Our head of planning, David Howard, considers whether drinks brands should have a local or global propositioning.
An immediate apology, any perspective offered in discussing this question is not going to be rooted in cost efficiencies or ‘economies of scale’ with regards to production etc. Whilst these obviously are a consideration, it’s worth noting other factors that might be considered as a counterpoint to the issue of outlay by describing potential consumer efficacy.
The first point I would want to make is that there are no such things as ‘alcohol brands’. There are spirits, beers, ciders fortified wines, liqueurs etc, and the distinction that needs to be made is more than just a linguistic one. It is a distinction that goes to the heart of the question about acting globally or locally. The first distinction is that as a general rule, spirits brands are more intrinsically rooted than beers, lagers and ciders etc. Intrinsically rooted refers to the fact that spirits brands generally have a distillation, recipe or origin story that defines them. They are products of a particular culture and have accompanying ‘rituals of consumption’ and an archetypal ‘serve’.
It is because of this intrinsic nature that the positioning and communication of spirits brands is more likely to be universal and therefore more applicable globally than tailored on a market-by-market basis. Culturally Scotland, Greece, Japan and any other whisky markets might be very diverse but the values and cues whiskey drinkers in these cultures respond to will be extremely similar. Therefore, the strategy for any whisky brand is to find a universal territory that is able to appeal to these category motivations, whilst also establishing a unique space within it; through product story, image, price or a combination of the three.
Nor does this intrinsic nature need to be rooted in the exporting of a ‘provenance’ only. Obviously, Scotch is only Scotch if it has been distilled in Scotland and for any brand to have consumer credibility, this kind of provenance will have to be reinforced in markets where each particular Scotch brand is consumed (although the communication cues can be attitudinal rather than merely geographic). A brand like Grey Goose Vodka however, which has France as its country of origin and therefore cannot rely on any particular historical product associations, needs to amplify its production story to underpin its super-premium positioning. This is done not through, ‘historical authenticity’ but through universal connoisseurship.
In contrast to spirits, beers and beer marketing is generally more extrinsic, that is, rooted in the consumer culture in which each particular brand is drunk and enjoyed. Budweiser may have a strong heritage in the US, and America may be appealing to UK consumers at a general level, but the brand still needs to find a ‘local’ extrinsic connection. The obvious example of this is the sponsorship of the FA cup. This might be efficient in media terms with regarding the reaching of target drinkers but it also provides a local extrinsic expression of the brand’s worth – giving it a local voice.

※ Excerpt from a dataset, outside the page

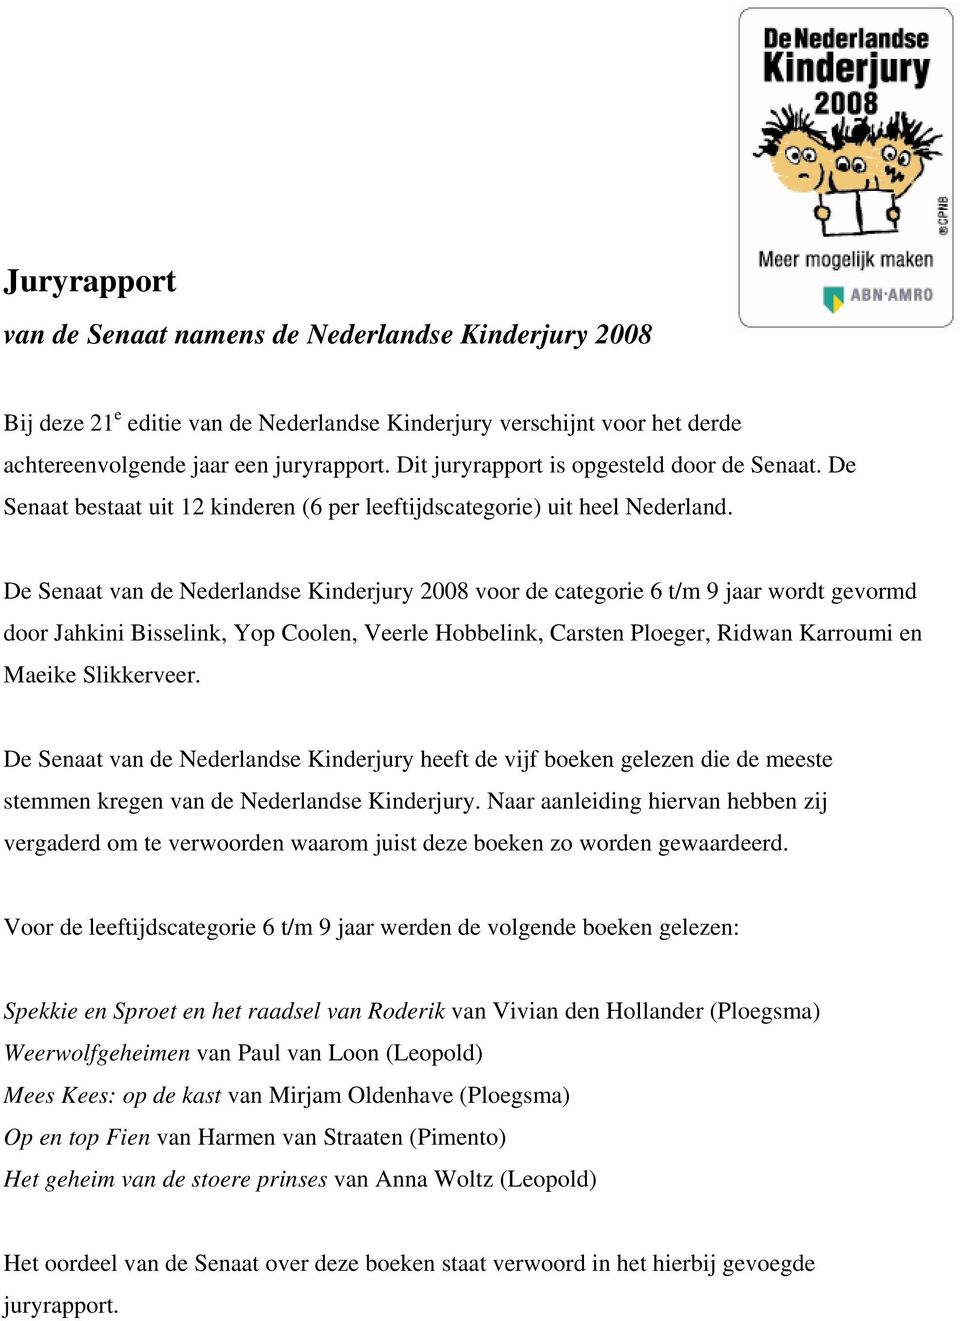 De Senaat van de Nederlandse Kinderjury 2008 voor de categorie 6 t/m 9 jaar wordt gevormd door Jahkini Bisselink, Yop Coolen, Veerle Hobbelink, Carsten Ploeger, Ridwan Karroumi en Maeike Slikkerveer.
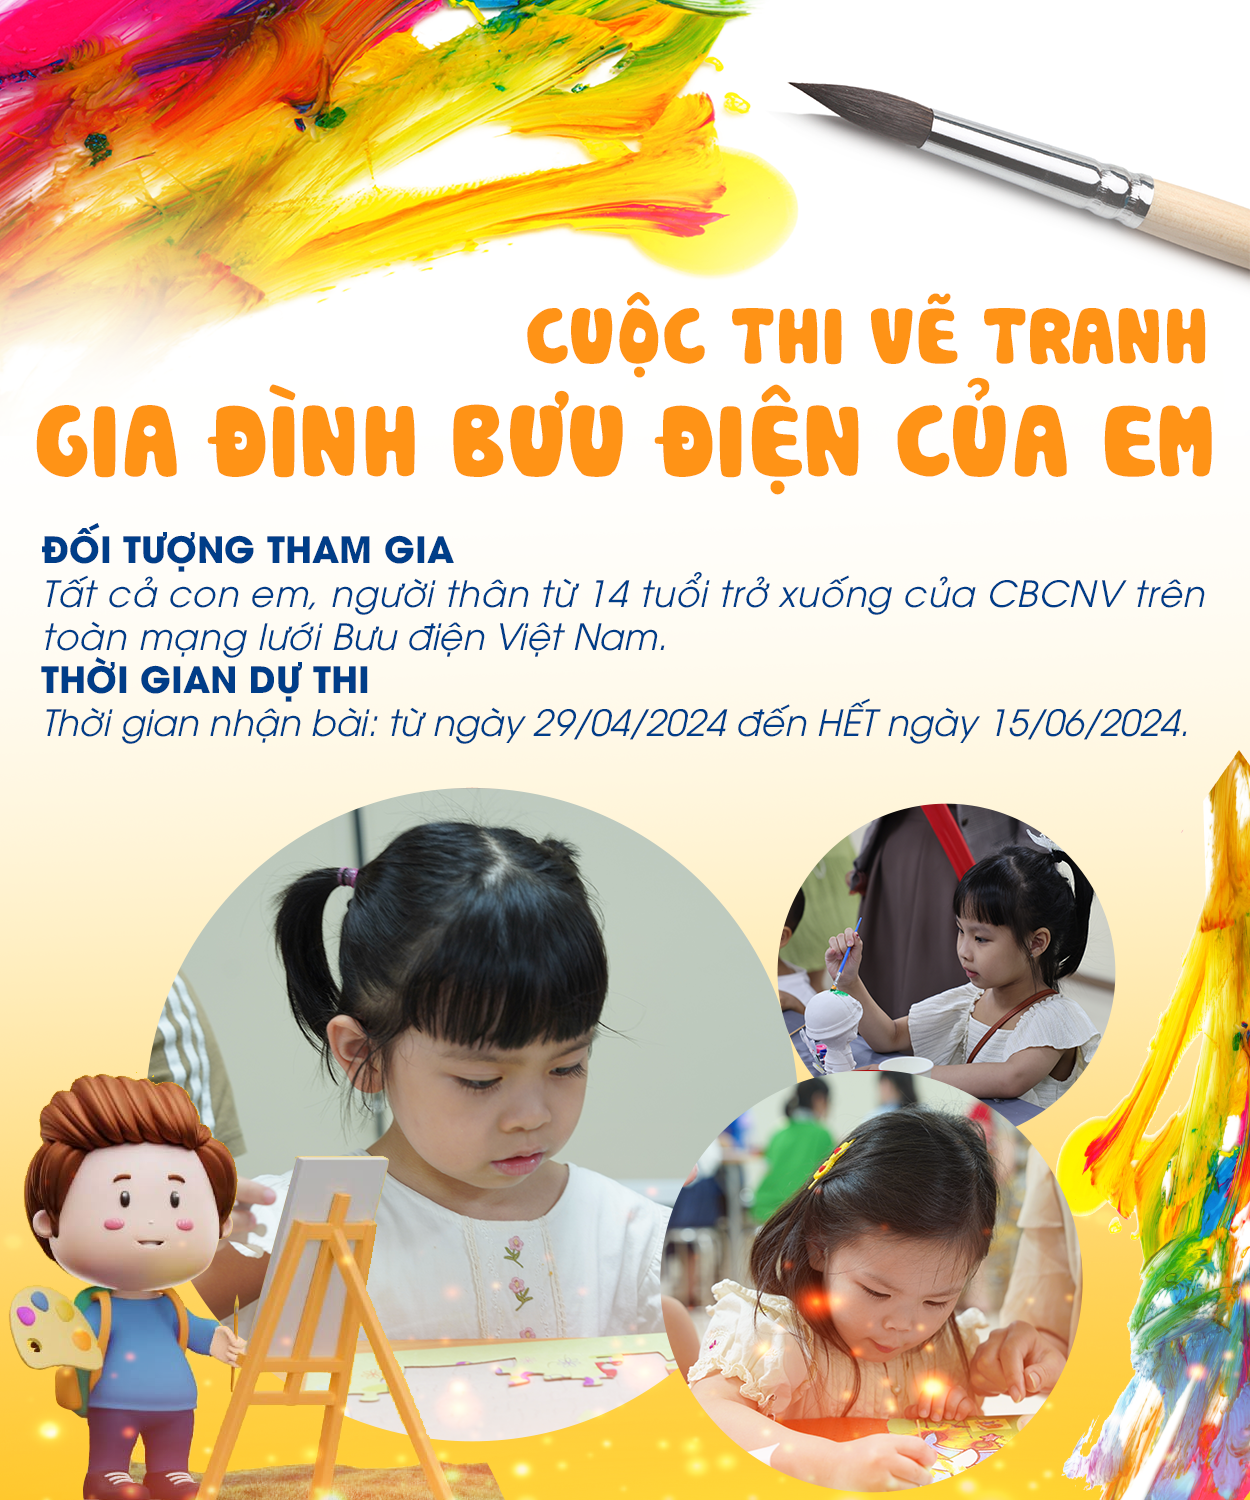 Tổng công ty Bưu điện Việt Nam phát động Cuộc thi Vẽ tranh “Gia đình Bưu điện của em”

Carlsberg is another international beer, which has vastly differing cultural resonance by market. This is partly price-related and partly historic. In the UK it has effectively ‘lost’ any connection to its country of origin and instead has also had a long tradition of connecting with British football and British humour, where the brand’s ability to stay relevant and therefore in repertoire is prolonged by reflecting local ‘attitudes’. These are obviously not hard and fast rules and there are obvious exceptions. Heineken and Coors have pursued regional strategies which are focused on establishing international stature but it is interesting that in Heineken’s case, this has still been supported by significant investment in sponsorship to support the brand message.
The final consideration has to be the inevitable globalisation of any activity of the internet. How much this is acting as an actual cultural driver for drinks brands or just providing ‘broader’ low cost access to target drinkers by local market requires further discussion.